Japanese encephalitis virus is primarily a cause of human encephalitis. However, livestock losses in the form of fetal abnormalities and death can reduce the productivity of pig farms (Mansfield et al., 2017). Reproductive losses in pigs can reach 50-70%, with abortions in sows (stillbirths or mummified fetuses, usually at term) and reduced number and motility of sperm in boars. Mortality in non-immune, infected piglets can approach 100%, but the mortality is near zero in adult swine (OIE, 2019). Prevention of disease in livestock, particularly pigs, is primarily through vaccination although this imposes a cost on farmers that prevent its application in many parts of Asia (Mansfield et al., 2017).

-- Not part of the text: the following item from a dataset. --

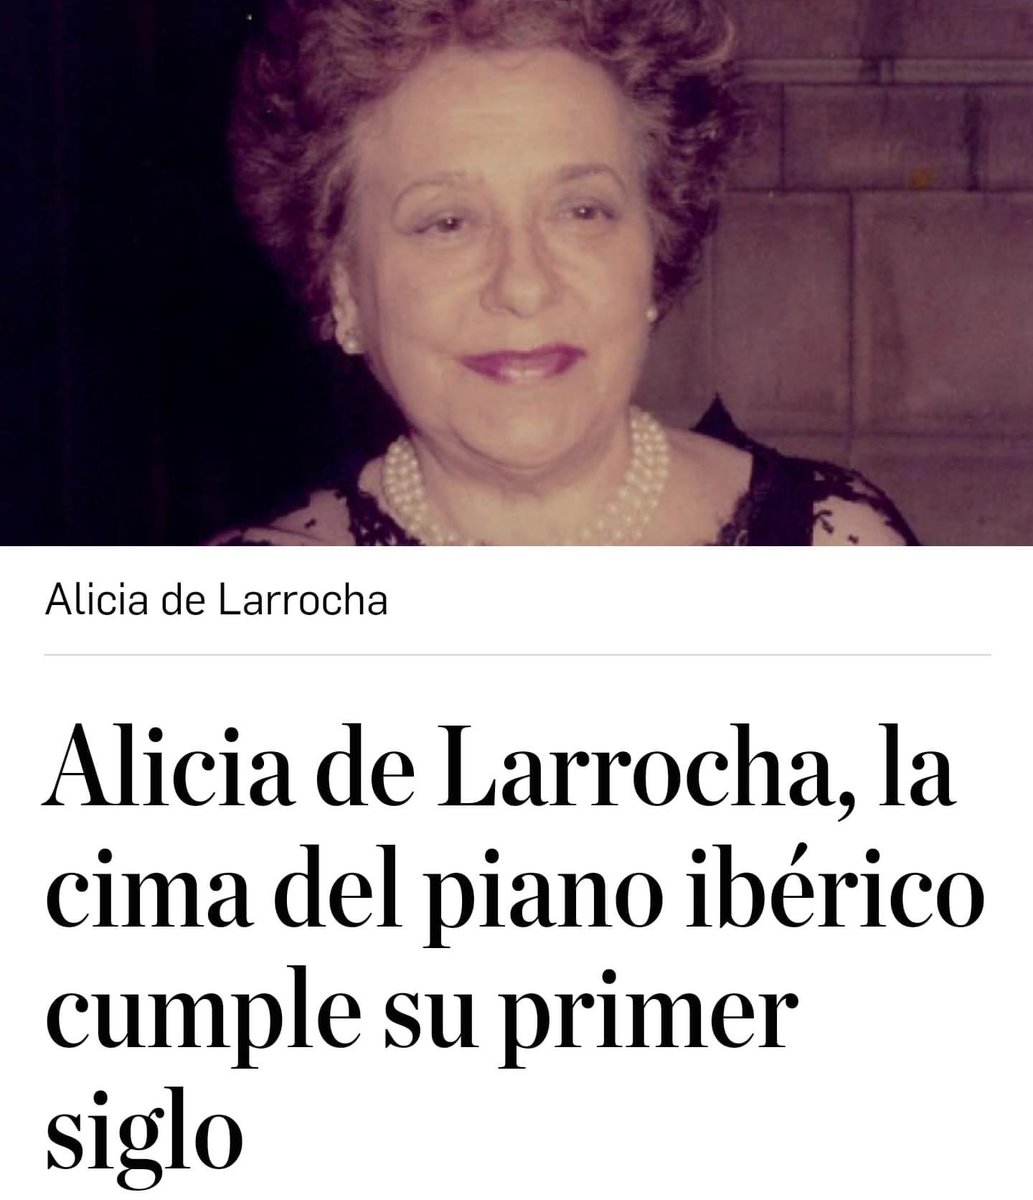 Un siglo de Alicia de Larrocha!

#piano #aliciadelarrocha

JEV is the main cause of viral encephalitis in many countries of Asia with an estimated 68,000 clinical cases every year. JE primarily affects children. Most adults in endemic countries have natural immunity after childhood infection, but individuals of any age may be affected. Although most JEV infections are mild (fever and headache) or without apparent symptoms, approximately 1 in 250 infections results in severe clinical illness. The case-fatality rate among those with encephalitis can be as high as 30%. Permanent neurologic or psychiatric sequelae can occur in 30-50% of those with encephalitis (WHO, 2019). Safe and effective JE vaccines are available to prevent disease in endemic countries (WHO, 2019).

Only palliative care is available to treat affected animals (Mansfield et al., 2017).

There is no antiviral treatment for human patients with JE. Treatment is supportive to relieve symptoms and stabilize the patient (WHO, 2019).